ウィリアムズ氏、関税インフレはほぼ一巡したとし、AI需要圧力を指摘

ウィリアムズ氏、関税インフレはほぼ一巡したとし、AI需要圧力を指摘

ニューヨーク連銀総裁は、金利は適切な位置にあるが、インフレが2%に戻らなければ上昇する可能性があると述べた。一方、市場の価格付けは年末までの追加利上げ確率の高まりを織り込んでいる。

ファクトチェック
ロイターの主要な全文記録と、その関連するロイター記事のいずれも、この主張のあらゆる要素を確認している。ウィリアムズ氏は、関税の影響は大部分が価格に転嫁済みであると述べ、基本シナリオではエネルギー価格はすでにピークを付けたと想定している。また、AI関連の需要が一部商品の価格を押し上げており、注視しているとした。さらに、FF金利は「適切な位置にある」が、インフレ率が2%に戻らなければ、FRBは行動し、利上げするとの考えを示した。Yahoo Financeのミラー記事も同様に裏付けている。矛盾する証拠は見当たらなかった。
要約

ジョン・ウィリアムズ氏は、エネルギー価格と貿易関税がピークをつけたことでインフレ圧力は徐々に和らぐはずだとの見方を示した一方、インフレが米連邦準備制度の2%目標に戻る軌道に乗っていない場合は、さらなる利上げが適切になるとも警告した。
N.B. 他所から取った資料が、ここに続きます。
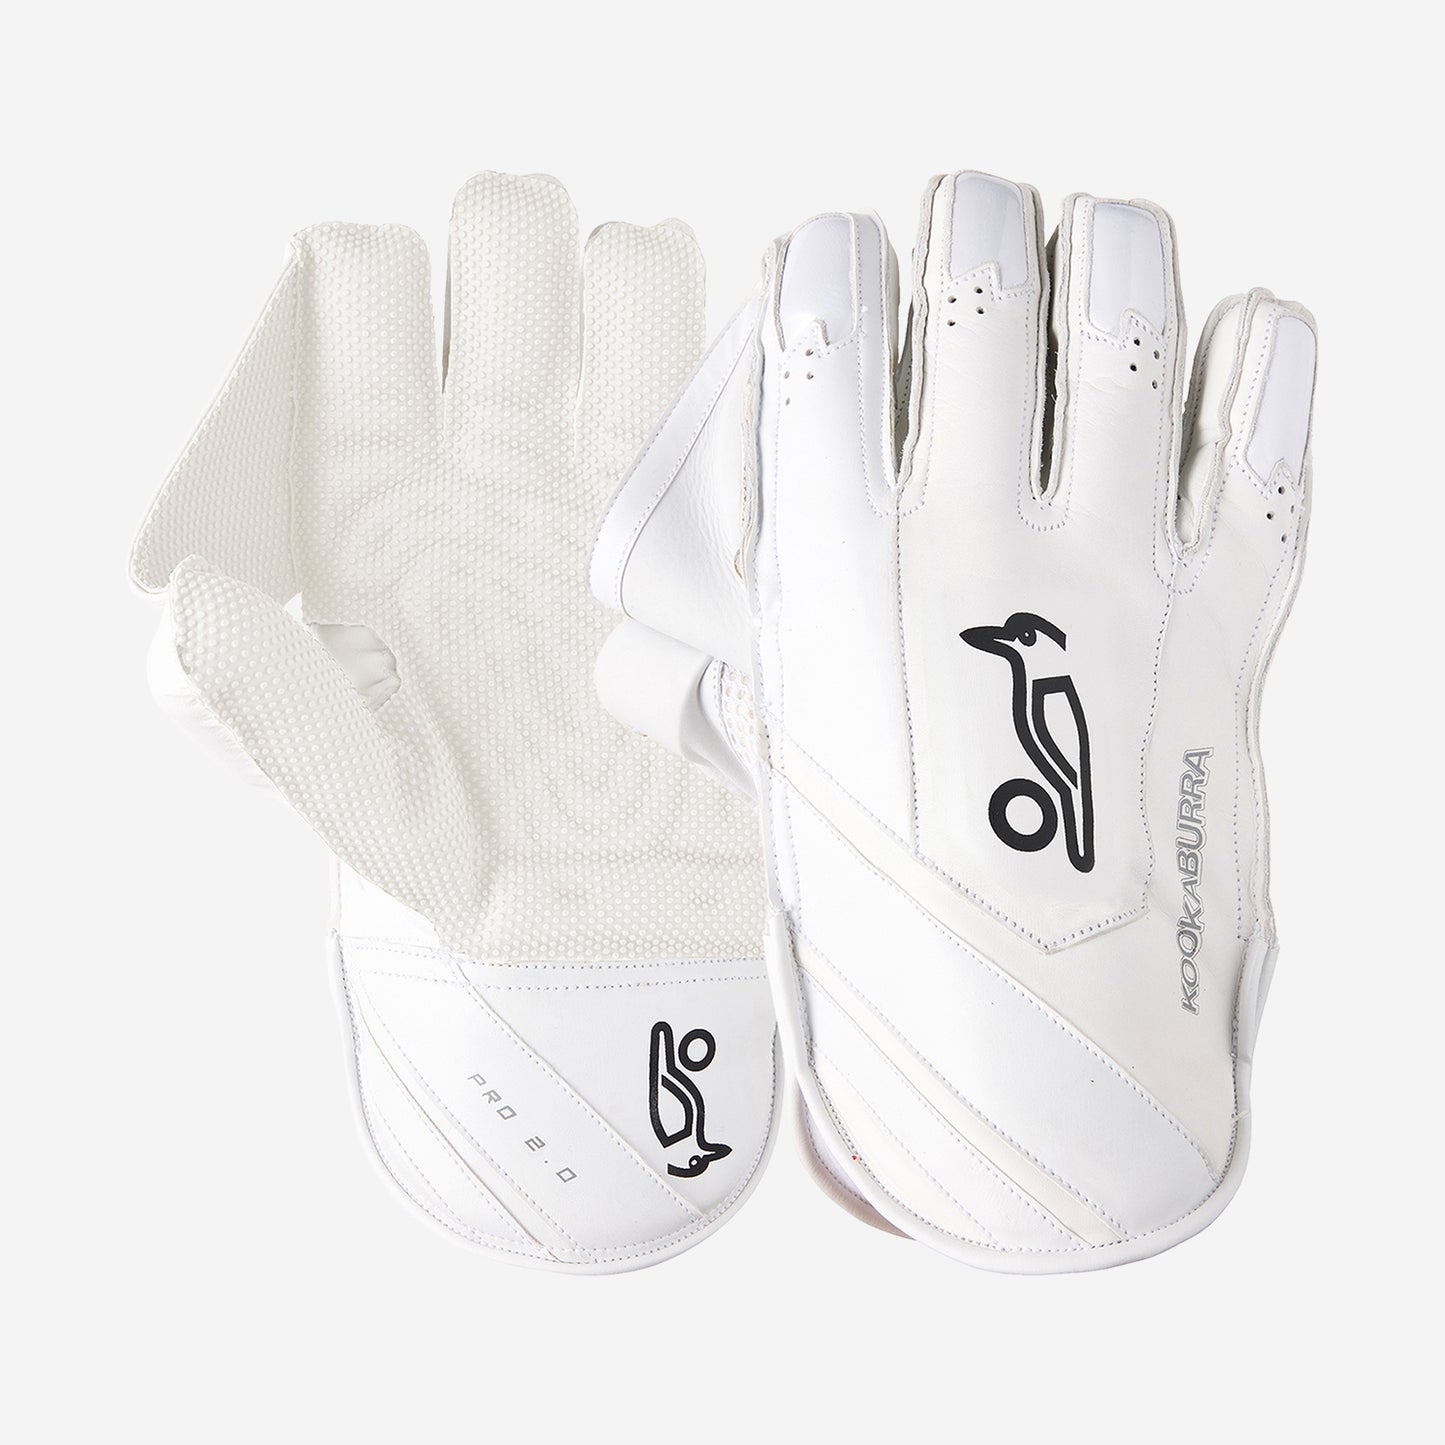 KKB Ghost Pro 2.0 WK Gloves

ニューヨーク連銀総裁は、現行の政策スタンスは「十分に適切な位置にある」とし、先週の連邦公開市場委員会(FOMC)がフェデラルファンド金利の誘導目標レンジを3.50%から3.75%に据え置く決定をしたことを強く支持した。 ウィリアムズ氏は、今年後半にインフレが鈍化し、来年さらに低下するとみている一方、2028年までに2%への持続的な回帰に向かって経済が進んでいるかを判断するため、コアインフレ指標を注視していると述べた。同氏は、過去1年半にわたる主なインフレ要因は弱まりつつあるものの、イランでの戦争やトランプ大統領の関税に加え、人工知能への大規模な企業投資に伴う需要など、供給ショックによってなお物価が下支えされているとした。金利スワップを取引する市場参加者は現在、年末までの米連邦準備制度の利上げ確率の大半を織り込んでいる。

用語解説
  • FOMC: 金利を決定する米連邦準備制度の委員会、連邦公開市場委員会。
  • core inflation: 変動の大きい項目を除いて基調的な物価動向を示すインフレ指標。
  • rate-swap traders: 将来の政策変更見通しを反映するため、金利スワップを取引する市場参加者。